Other new that is rail or rail-related:
- Now that is the Ag I remember! Grain has, almost perversely, been one of the stable commodities for NA rails in this uncertain world (Canadian grain transport records set by both carriers; Grain & Farm Products were the only 2 of 20 US carload commodities tracked by the AAR to be up in August – September RTI coming soon). So after putting on a suit and sitting still for church, we learn that the Ag Dennis can still be a, well, if not Menace (google it) then at least unpredictable. Or predictably unpredictable. Soybean export sales seem to have lost some steam as a slightly higher $ and world events might be slowing Chinese purchases. And then – for the THIRD year in a row – the USDA substantially revised down US stocks of corn and beans after less than a month! And we accuse other trading nations of not producing trustworthy stats! In addition, the Farm Journal Bureau re[orts that the RFA (ethanol’s trade association) says that C19, etc will cause huge losses in ethanol – and up to $10-12B for corn growers….of course, they would say that.
- Coal’s black days aren’t going away: The NYT on coal – a major, front-page 4 full-page report, not offering any good news for coal transportation: https://www.nytimes.com/2020/10/05/us/politics/trump-coal-industry.html coal also saw Foresight Energy (part of the Murray coal story) file Chapter 11; BHP announce that their spin/sale of coal assets will be accelerated, and Peabody and Arch call off their proposed JV in the PRB in the face of FTC and court opposition. And most report that if the NextEra-Duke consolidation would happen, that would only accelerate transitioning away from coal in the south & Midwest.
- Warehouse demand continues to strengthen through/despite the Pandemic. The WSJ reports that demand is up 51% in H1/20 – precisely (and sort of coincidentally) the amount that Amazon wanted to add (overall e-commerce was up fully 45% YOY in Q2/20 and is now over 16% of the retail total. I loved the WSJ article about the new development in NYC, the Bronx Logistics Center, with rail access (CSX). Only some 2% of these warehouses use rail but 5% of the tenants/potential tenants request it, according to JLL – and that % is growing….
- Truck tech hype of the week – Michigan says it will build an AV lane between Ann Arbor and Detroit (I assume its to reduce drunk tailgaters returning home after attending Wolverine losses to MSU or NU or IU – did I mention all of the Big10 schools of prominent railroaders? Oh – PSU!).
- Real truck tech news – Uber sold a stake in Uber Freight ($500mm worth valuing UF at $3.3B) to old friends Greenbrier Equity Group, previous owners of ELD, and current owners of Nordco. Congrats guys! Now, I had written that my interesting conversation with UF made me think they had the goods to help rail, and with an owner conversant in all modes and in tech, maybe something might come to pass….
- Quick hits:
o Quebec is seeing a tough C19 “second wave”
o Auto sales were better than anticipated (and not just Tesla)

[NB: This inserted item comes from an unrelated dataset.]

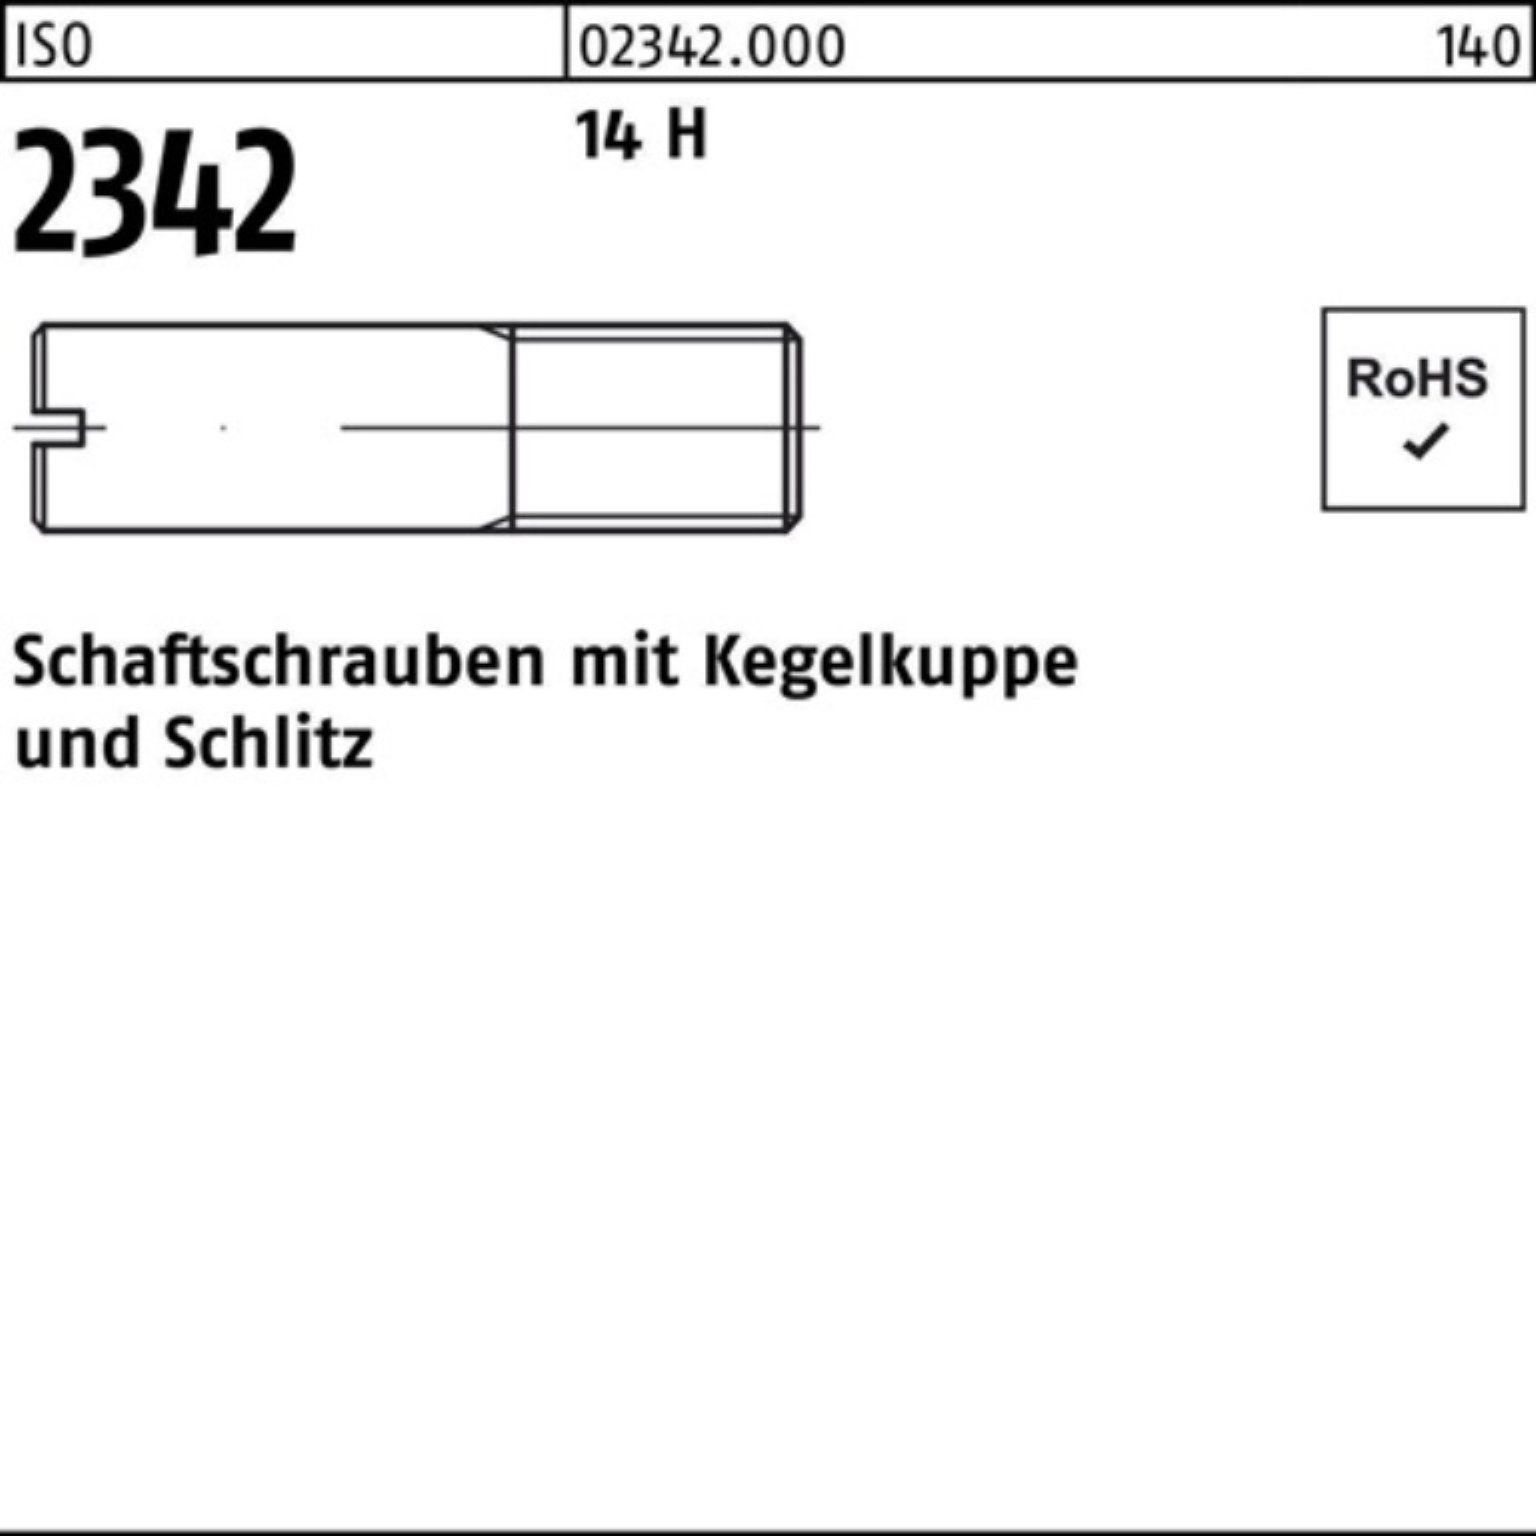 Reyher Schraube 100er Schaftschraube Pack ISO 50 H Kegelkuppe/Schlitz 2342 M12x 40 14

o Truck tonnage (tonnage) was down 9% in August
o There are still 300K stranded seafarers
o The ASCE (American Society of Civil Engineers) has hinted that their new report card might come out later this fall – their last one gave the US a D-, the Highway system also a D- and Railways a B 9and that includes passenger). This isn’t just nuthin’ – the ASCE says the direct costs of highway congestion will be $40B by the end of the next decade….
o Talkin’ Yankee – what the CP will need to talk-like in Searsport.